_WHAT YOU ARE ASKED TO DO_.
Print the data verbatim. Leave every image out.

_RECORDED INFORMATION_.
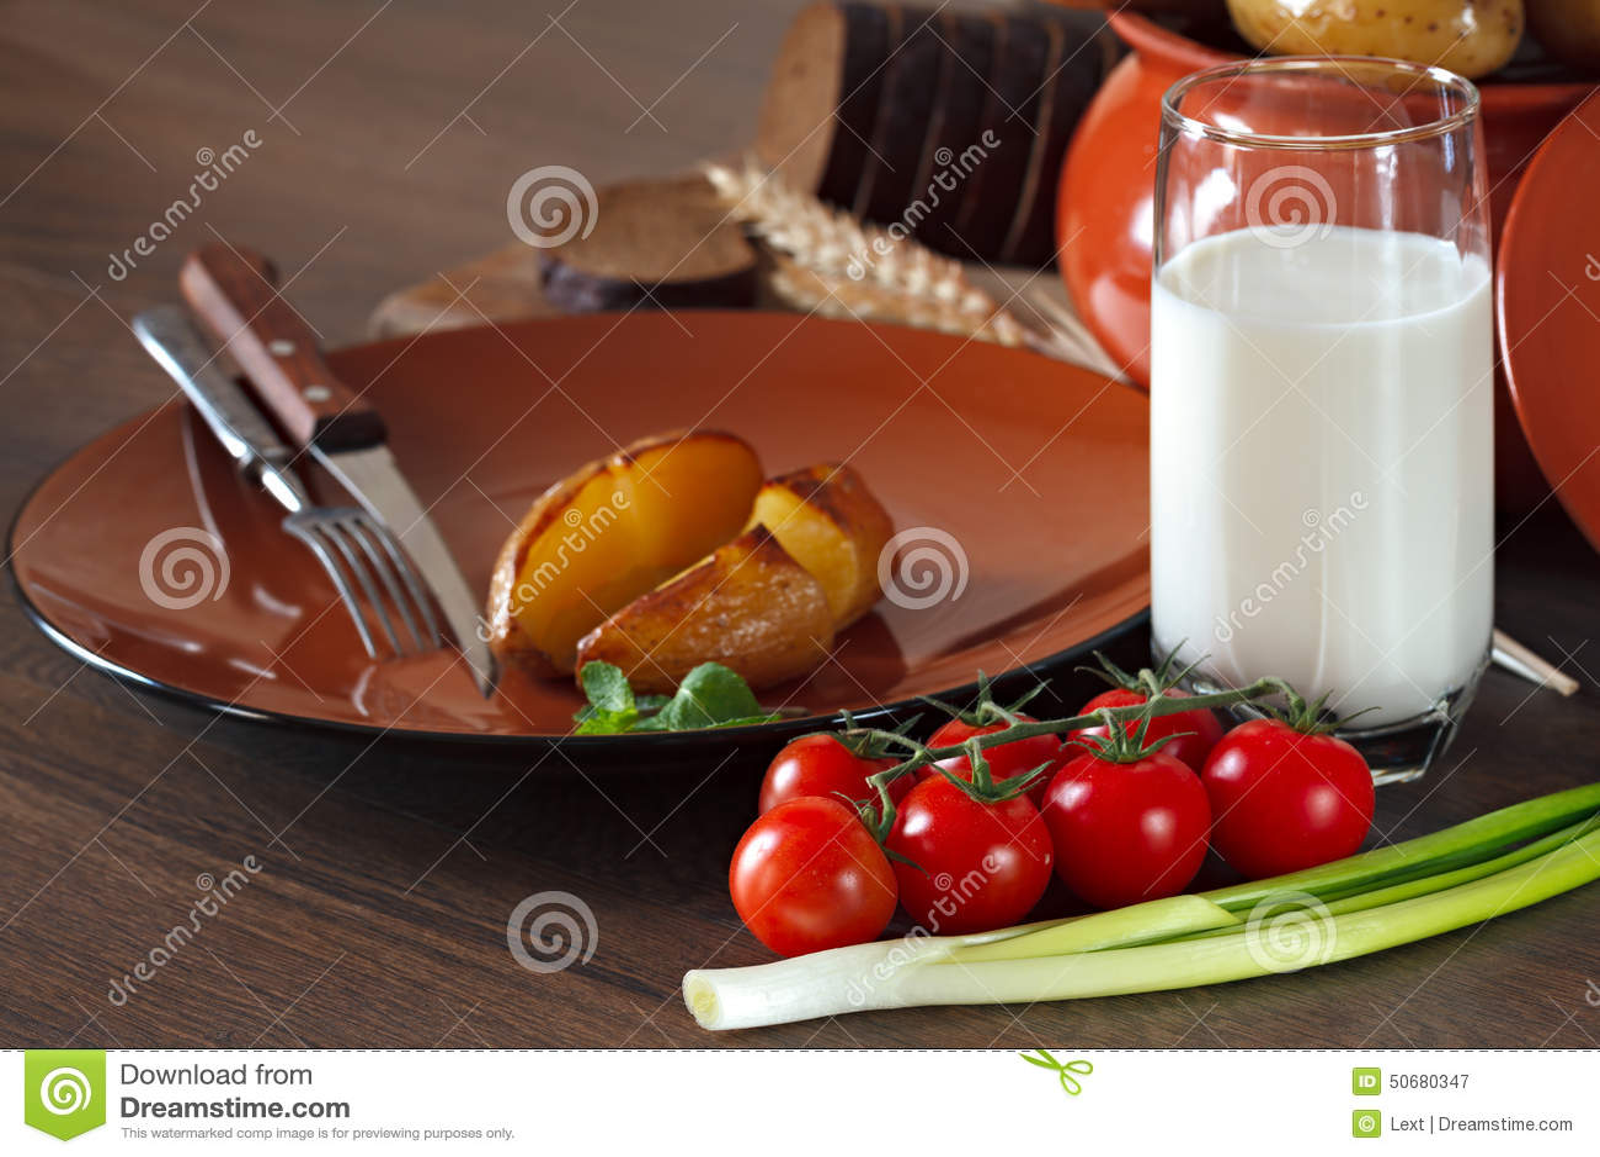 Download 在瓦器的被烘烤的土豆在桌上 库存图片. 图片 包括有 食物, 美食术, 牛奶, 玻璃, 午餐, 菜单, 叉子 - 50680347
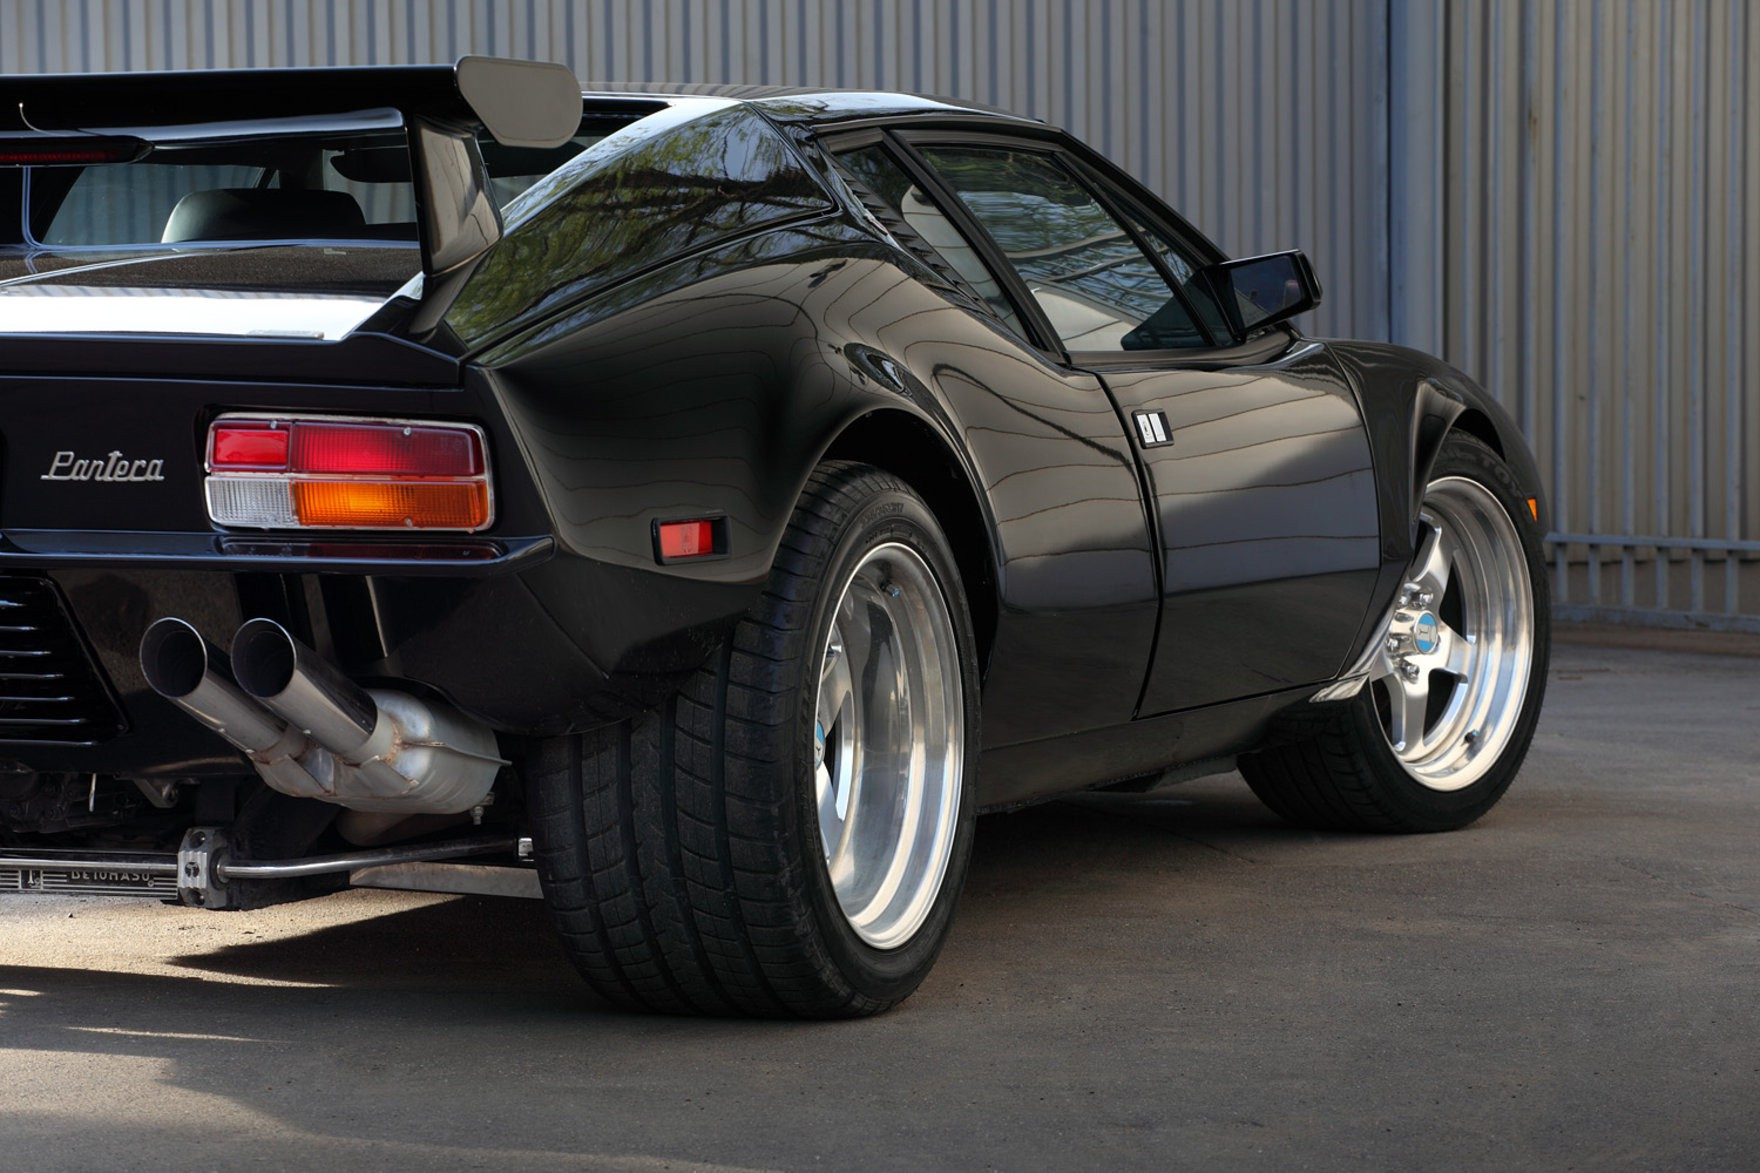 Bmw M1 For Sale >> Sale De Tomaso Pantera 5.8 MT / TopCar
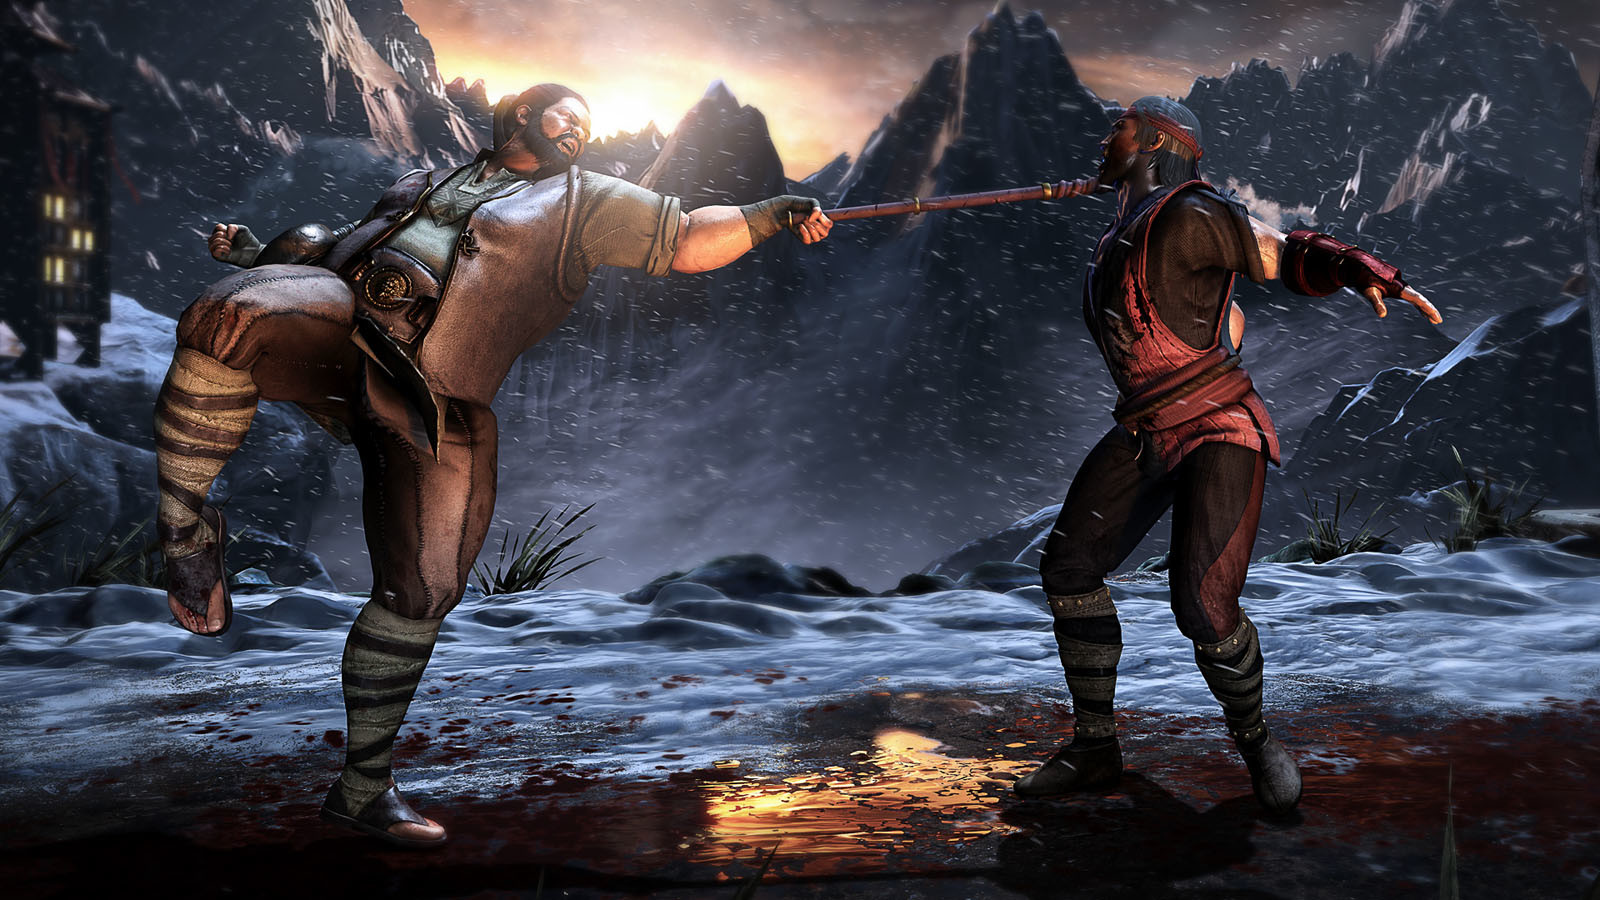 Mortal Kombat X Kombat Pack 2 Steam Key For Pc Buy Now
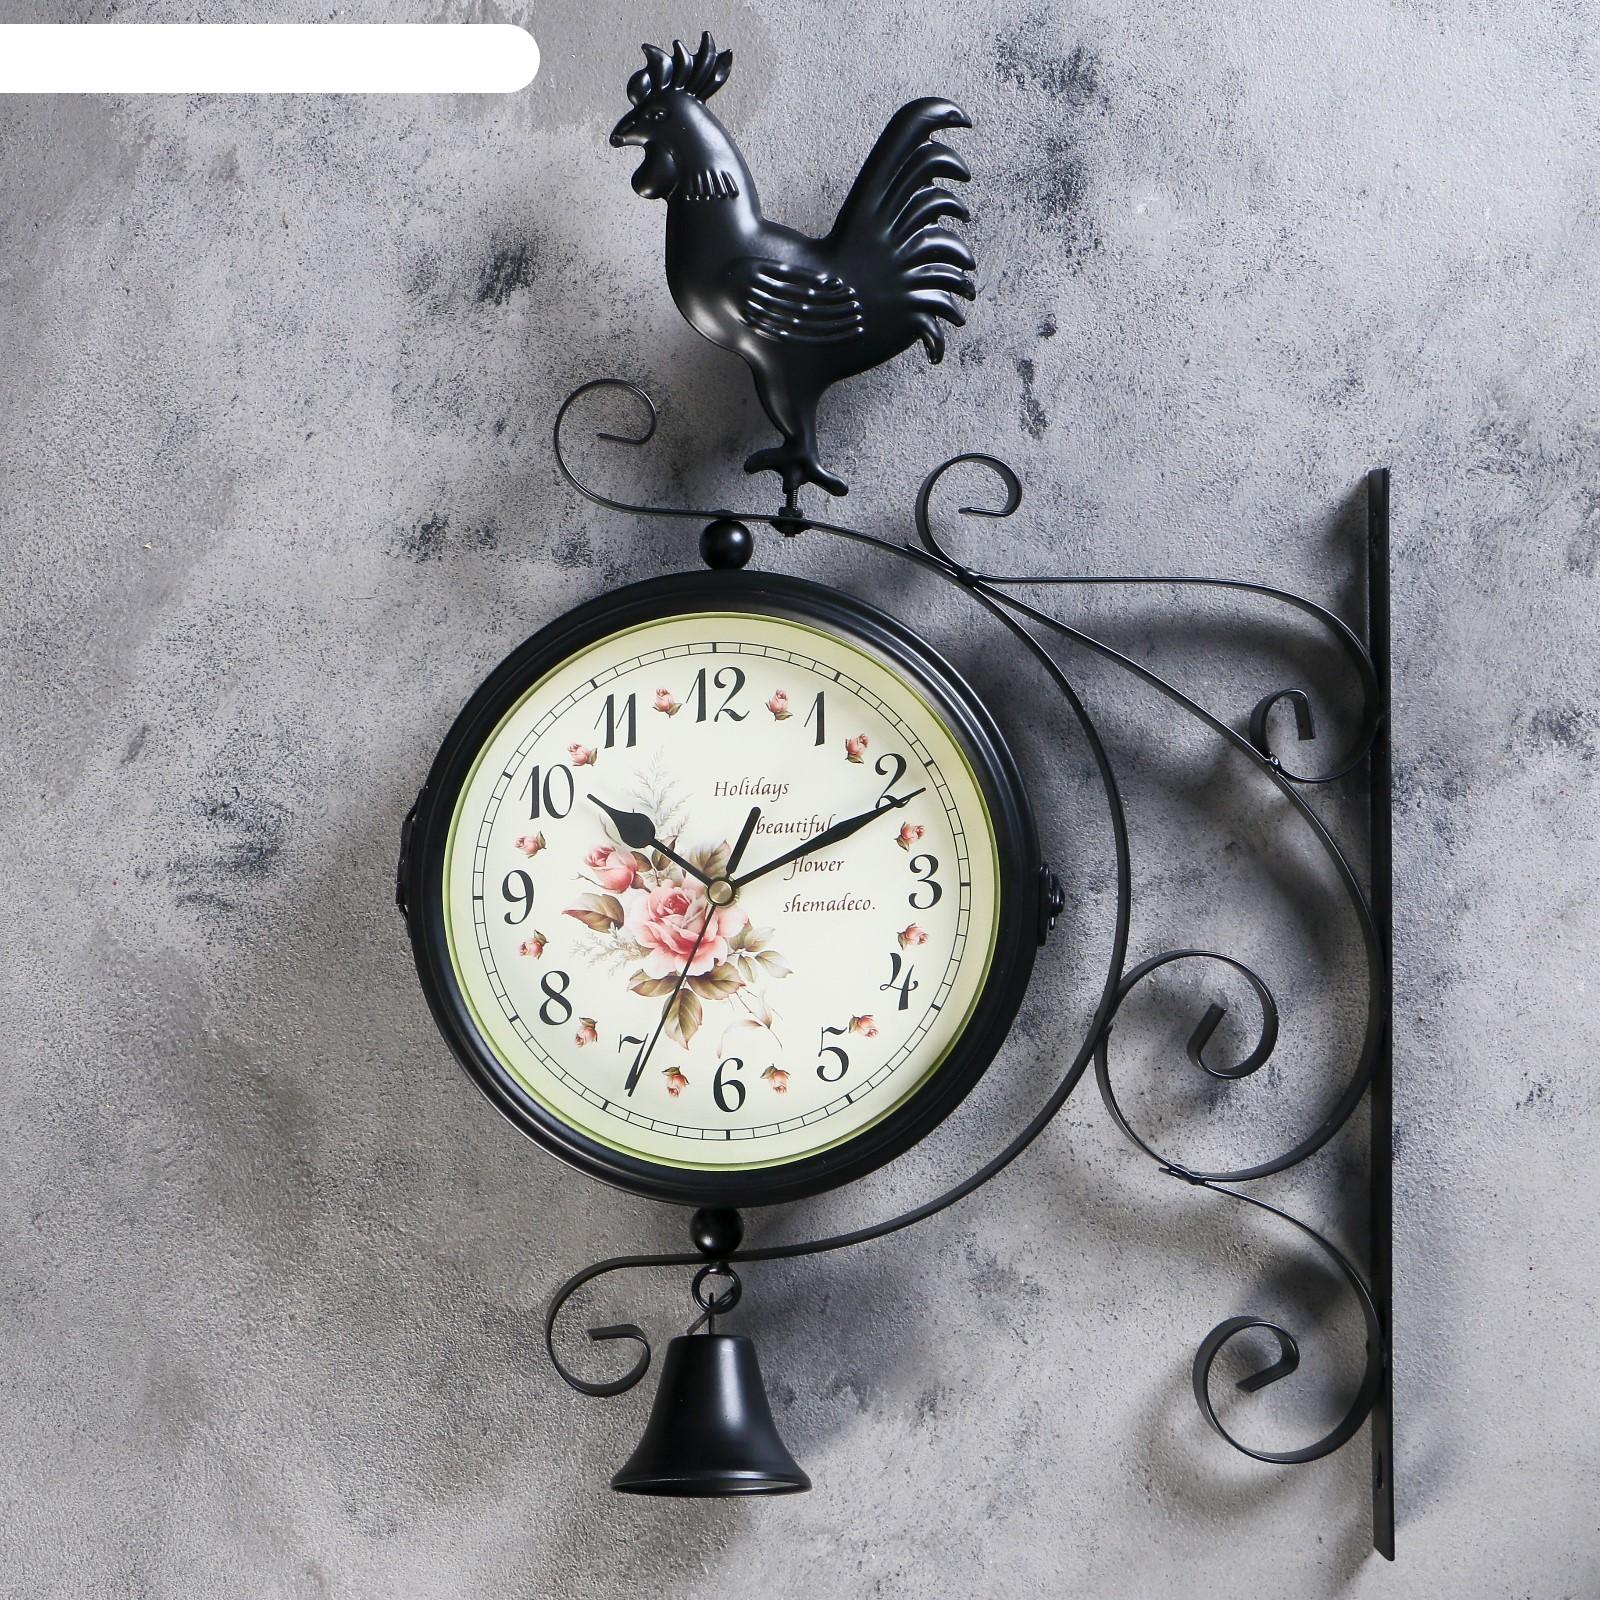 Часы настенные двойные, серия: Садовые, Флюгер, 32х48 см

_RESULT OF THIS EXERCISE_.
 Download 在瓦器的被烘烤的土豆在桌上 库存图片. 图片 包括有 食物, 美食术, 牛奶, 玻璃, 午餐, 菜单, 叉子 - 50680347
 Bmw M1 For Sale >> Sale De Tomaso Pantera 5.8 MT / TopCar
 Mortal Kombat X Kombat Pack 2 Steam Key For Pc Buy Now
 Часы настенные двойные, серия: Садовые, Флюгер, 32х48 см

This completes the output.